Everything in Python is an object. An object’s mutability is determined by its type. Objects whose value can change are said to be mutable, objects whose value is unchangeable once they are created are called immutable.

Among Python built-in types:

  • Mutable objects include: list dict set
  • Immutable objects include: tuple str int float bool

User-defined classes are generally mutable. There are some exceptions, such as simple sub-classes of an immutable type.

Arguments are passed by assignment in Python. Since assignment just creates references to objects, the parameter passed in is actually a reference to an object, but the reference is passed by value. When we call a function with a parameter, a new reference is created that refers to the object passed in. This is separate from the reference that was used in the function call.

If we pass a mutable object into a function, the function gets a reference to that same object and we can mutate it, the change in the function (if any) will be reflected in the outer scope. But if we rebind the reference in the function, the outer reference will still point to the original object.

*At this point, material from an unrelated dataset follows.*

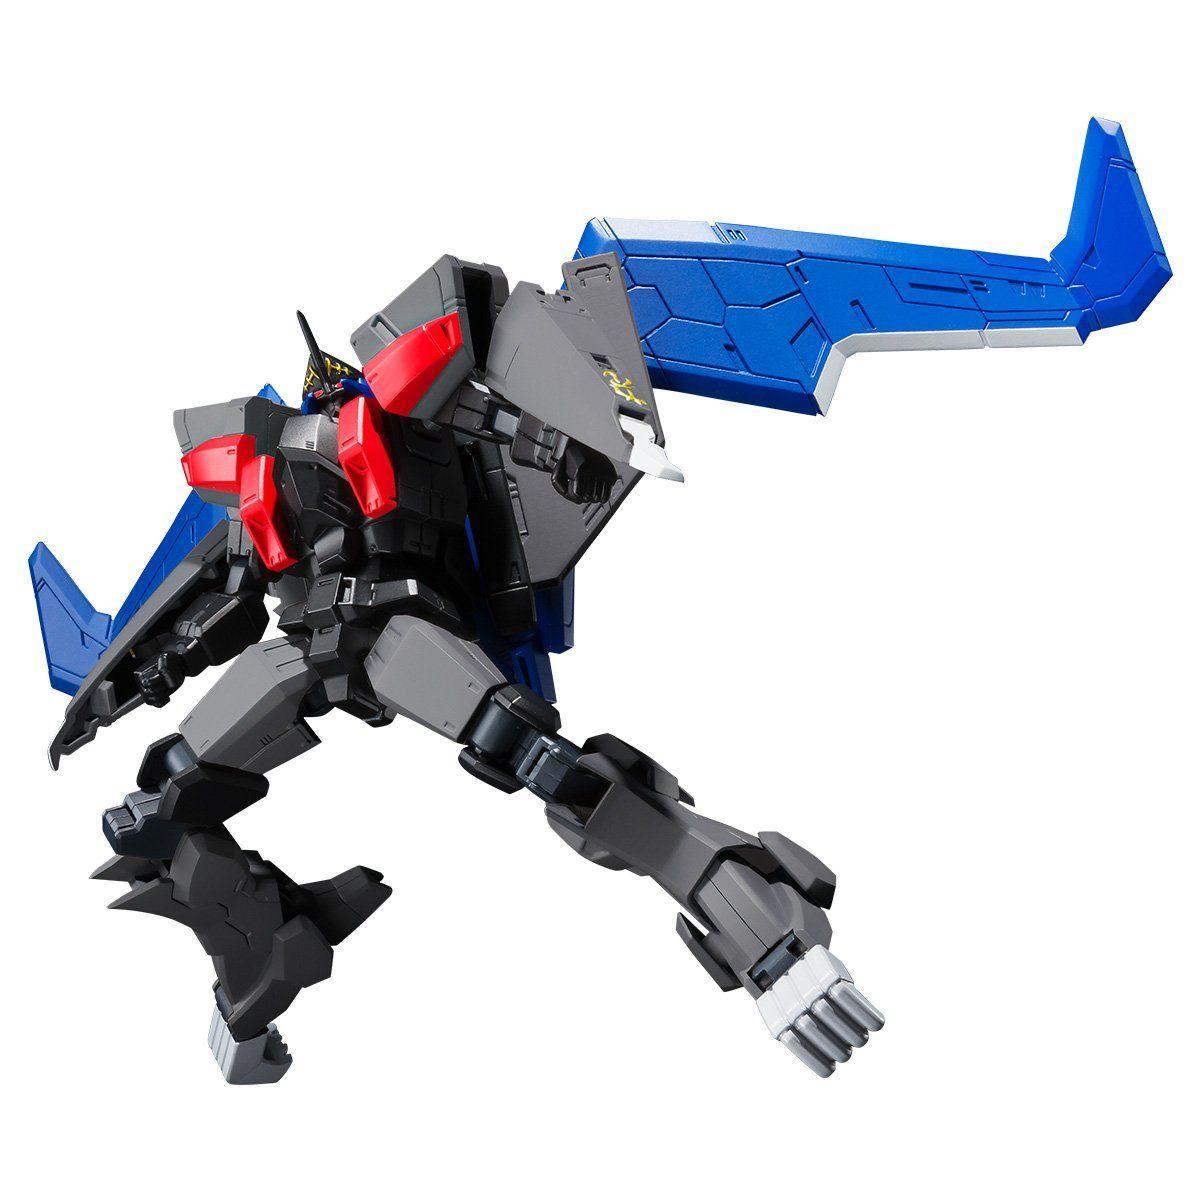 スーパーミニプラ 超獣機神ダンクーガ ブラックウイング【プレミアムバンダイ限定】_0

If we pass an immutable object into a function, the function gets a reference to that same object but we cannot mutate it as this object does not provide such methods. If we rebind the reference in the function, the outer reference will still point to the original object.

id() function

Assignment in Python means that the variable named on the left should now refer to the value (object) on the right. If the right-hand side is also a name (variable), for example y = x, this means y should now refer to the object x refers to.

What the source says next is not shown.